(Dataset section)
*-*-*
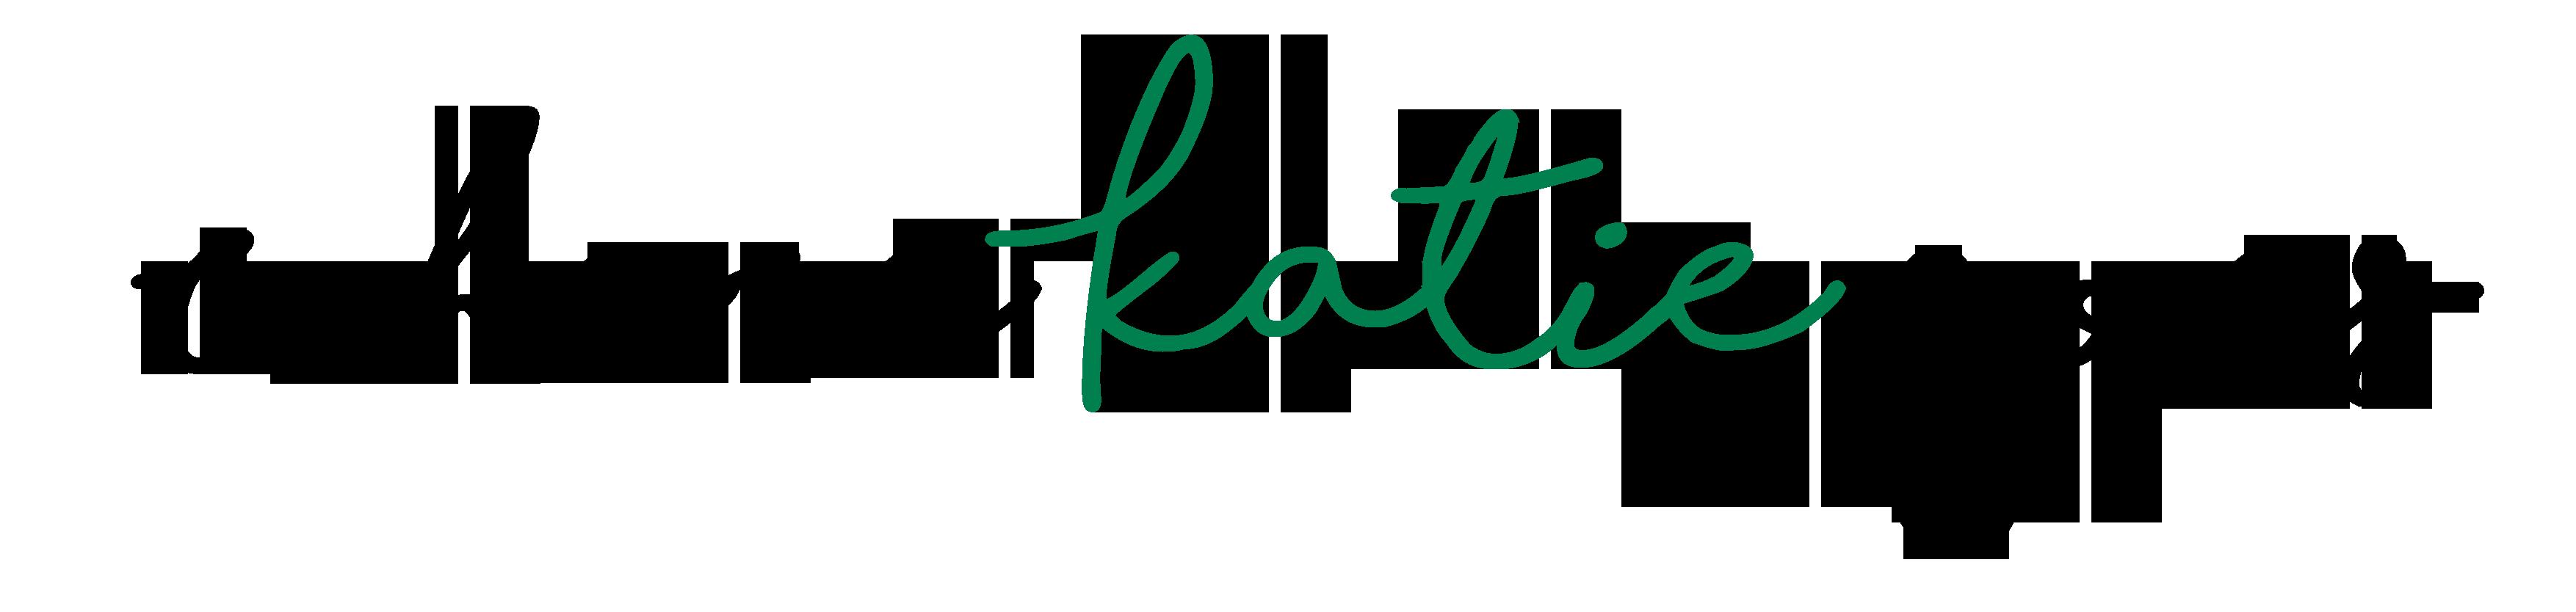 logo-font
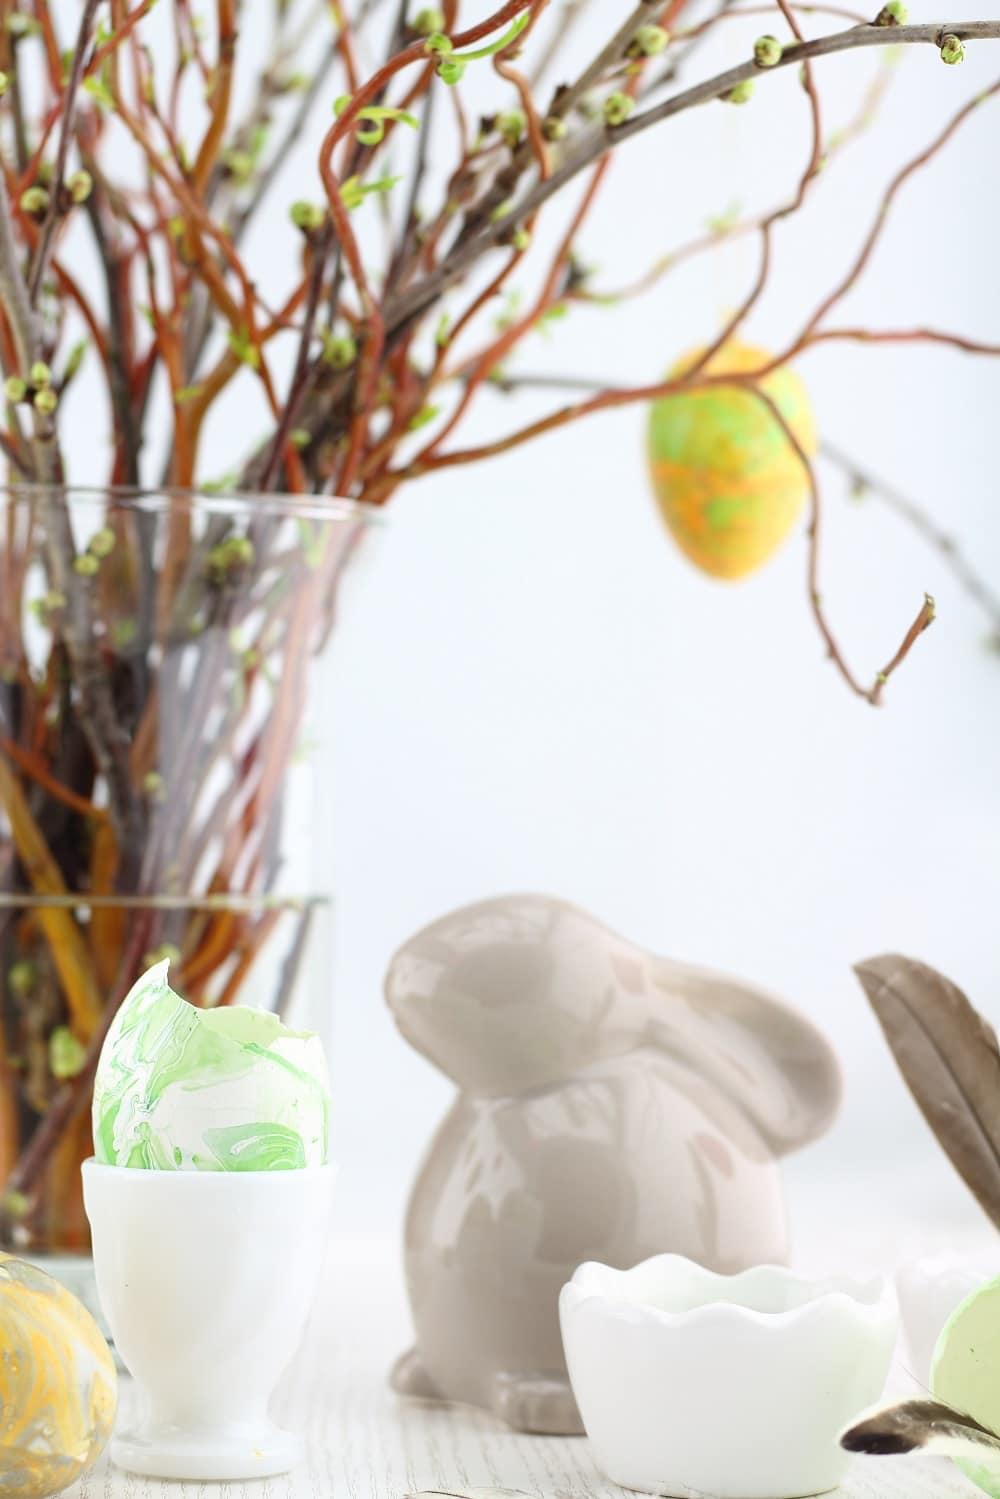 Oster-DIY] Ostereier marmorieren mit Nagellack - HANDMADE Kultur
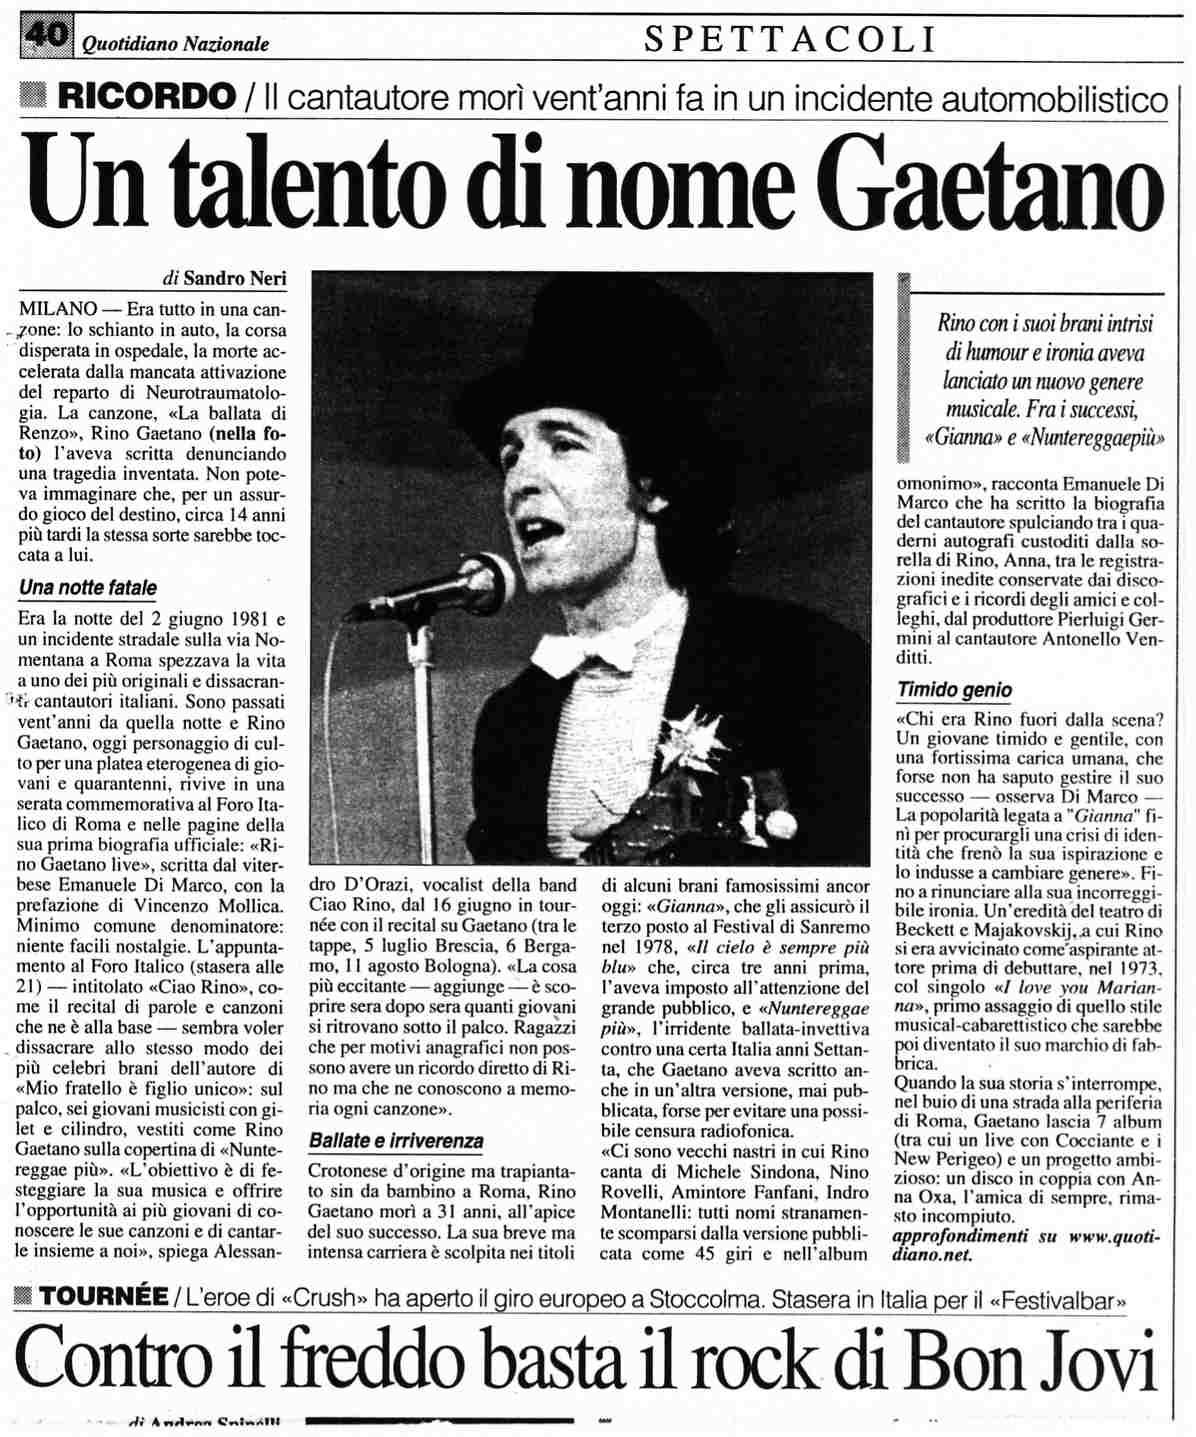 Rino Gaetano - La Discografia
*-*-*
(Activity) An exact repeat of all the data is required, pictures excluded.

(Reply to the exercise)
 logo-font
 Oster-DIY] Ostereier marmorieren mit Nagellack - HANDMADE Kultur
 Rino Gaetano - La Discografia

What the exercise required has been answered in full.